Эффект этого контраста и использует Некрасов. Это до него поэты торжественно или игриво обращались к музе и благодарили ее за посещение («вдохновение», то есть вдыхание в них поэтической силы). А он свою музу учит, даже перст указующий и угрожающий чудится в этом «Гляди!».
Вдохновение народными страданиями – очень трудное вдохновение. Некрасов далек от поэтизации страданий, ему тяжело и неприятно писать о них, однако «поэтом можешь ты не быть, но гражданином быть обязан» – и он заставляет свою Музу творить то, что нужно. Оттого-то она и «сестра родная» битой на площади женщине. Кстати, за что ее бьют, Некрасов не уточняет. Более того, сознательно идет на неточность (телесные наказания на Сенной производились только рано утром, когда Некрасов никак не мог «зайти» на площадь: в это время чаще всего он отсыпался после ночных карточных баталий). Потому что главное здесь – новый образ музы, лишенный всякого поэтического ореола.
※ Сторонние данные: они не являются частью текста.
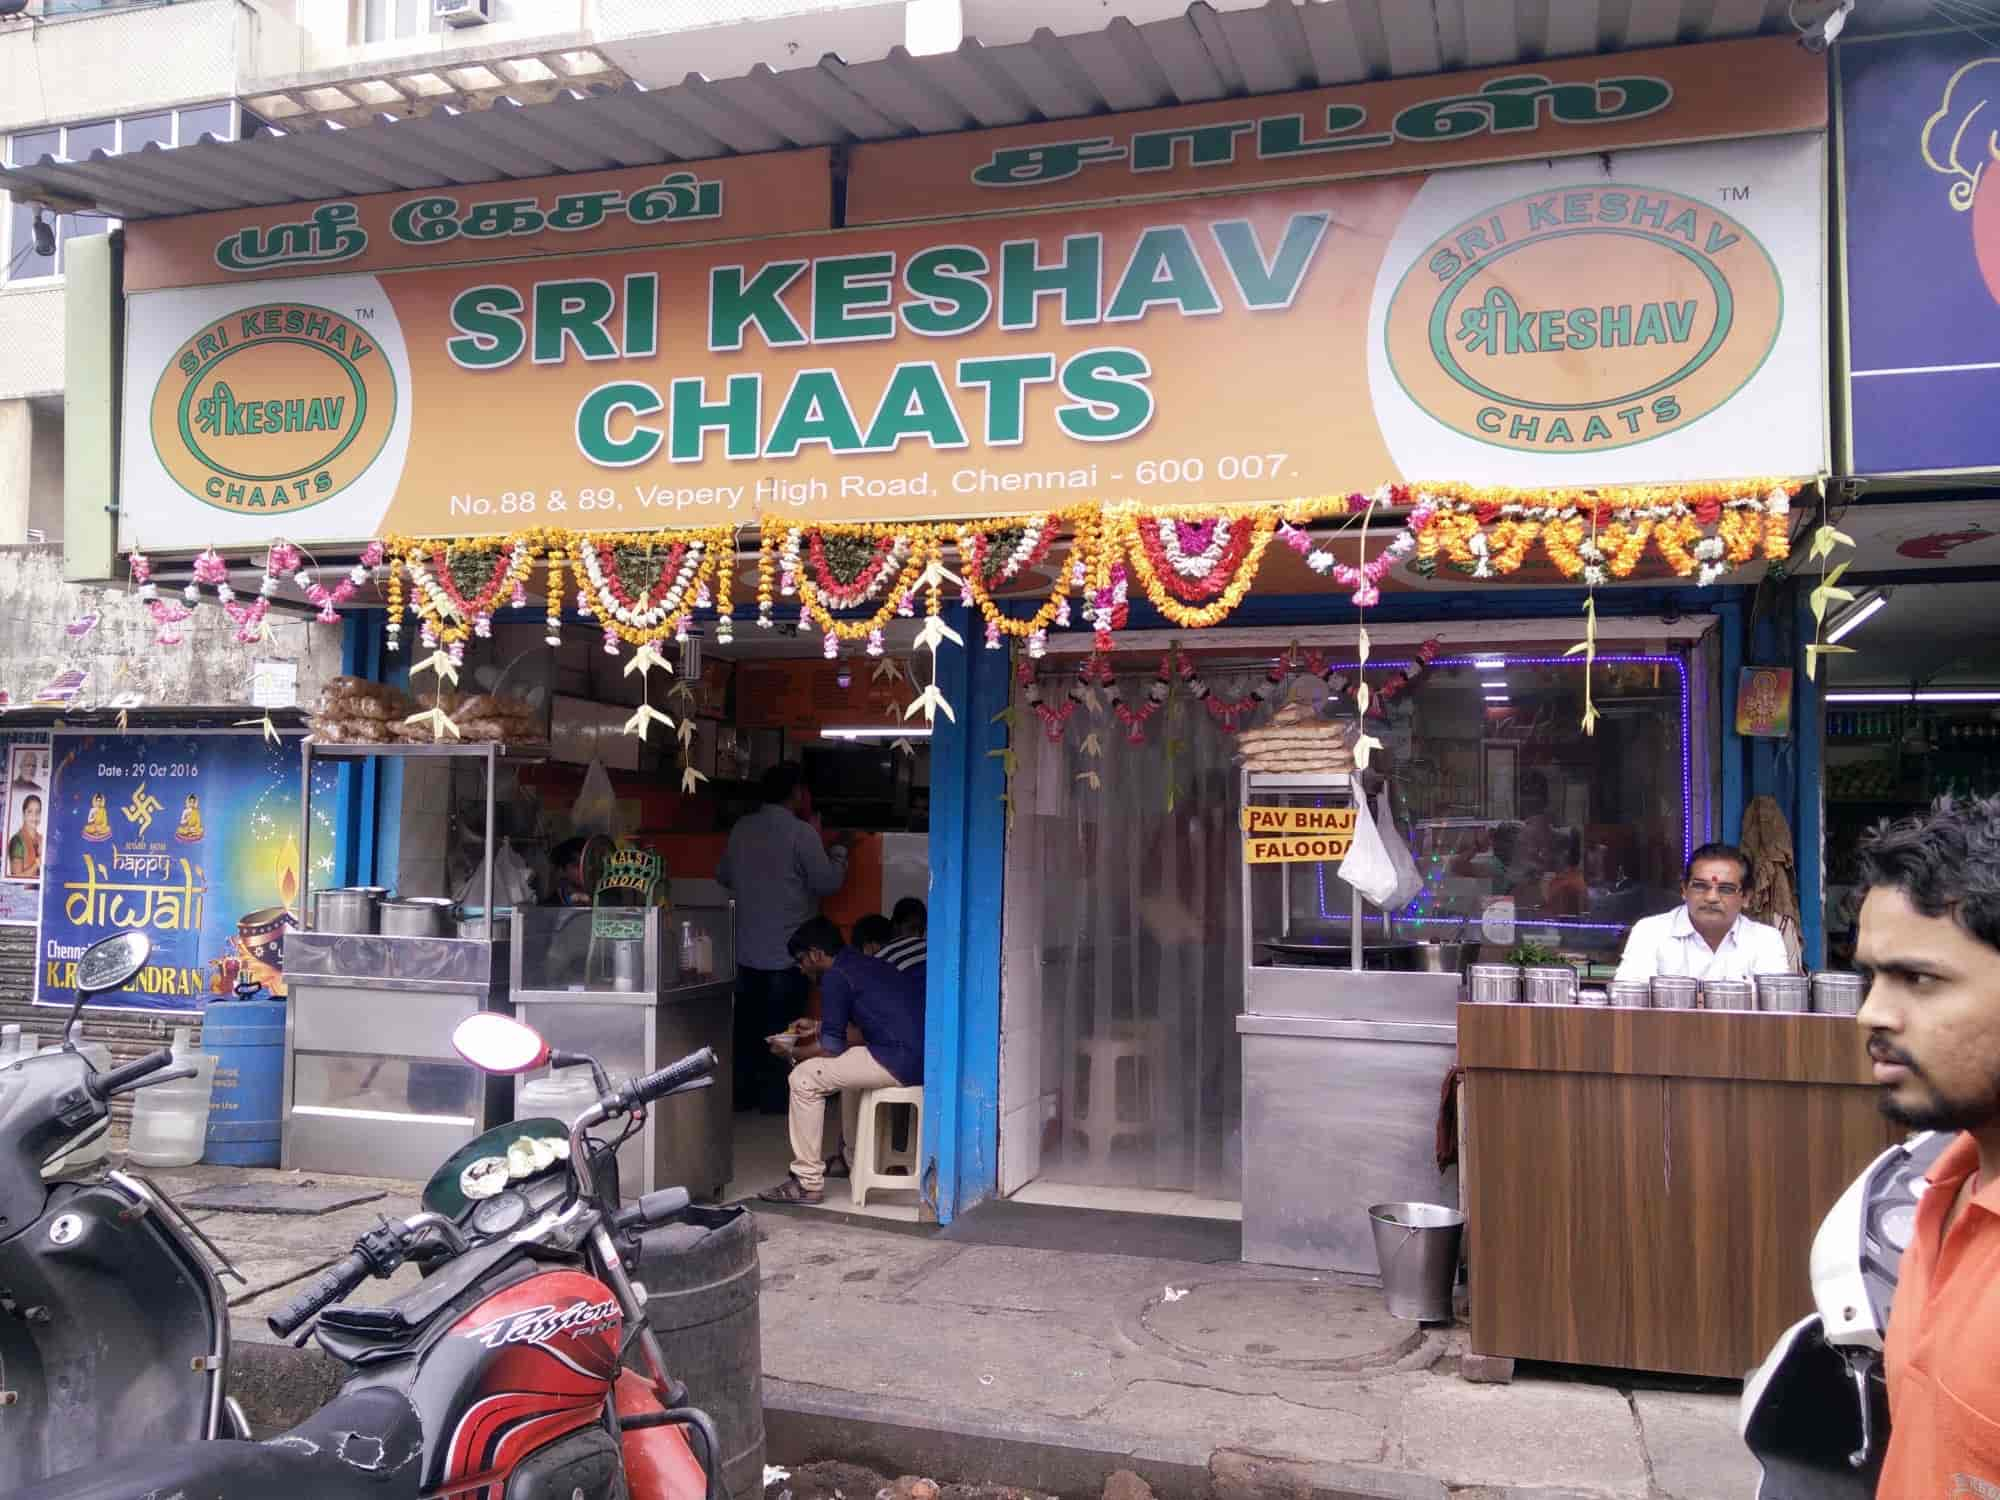 Sri Keshav Chats

В мрачном стихотворении 1855 года «Безвестен я…» Некрасов вновь упоминает Музу в связи с кнутом:
В отличие от стихотворения о крестьянке, начинающегося как жанровая зарисовка, это можно смело числить по ведомству «поэтических жалоб», то есть элегий. Оно значительно более назывное, то есть перед нами нет яркого запоминающегося образа, а есть вечные лирические выяснения отношений с собой, своей судьбой и совестью. Страдает здесь не кто-то, кого наблюдает автор, а сам автор (точнее – лирический герой). По крайней мере, первые семь строчек выдержаны чуть ли не в стиле «школы гармонической точности», может быть, с некоторой оглядкой на позднего Пушкина. И только три последние строки свидетельствуют о том, что мы имеем дело с текстом Некрасова, а не второразрядного эпигона тридцатых годов. Что же здесь такого, с чем раньше столкнуться русский читатель не мог?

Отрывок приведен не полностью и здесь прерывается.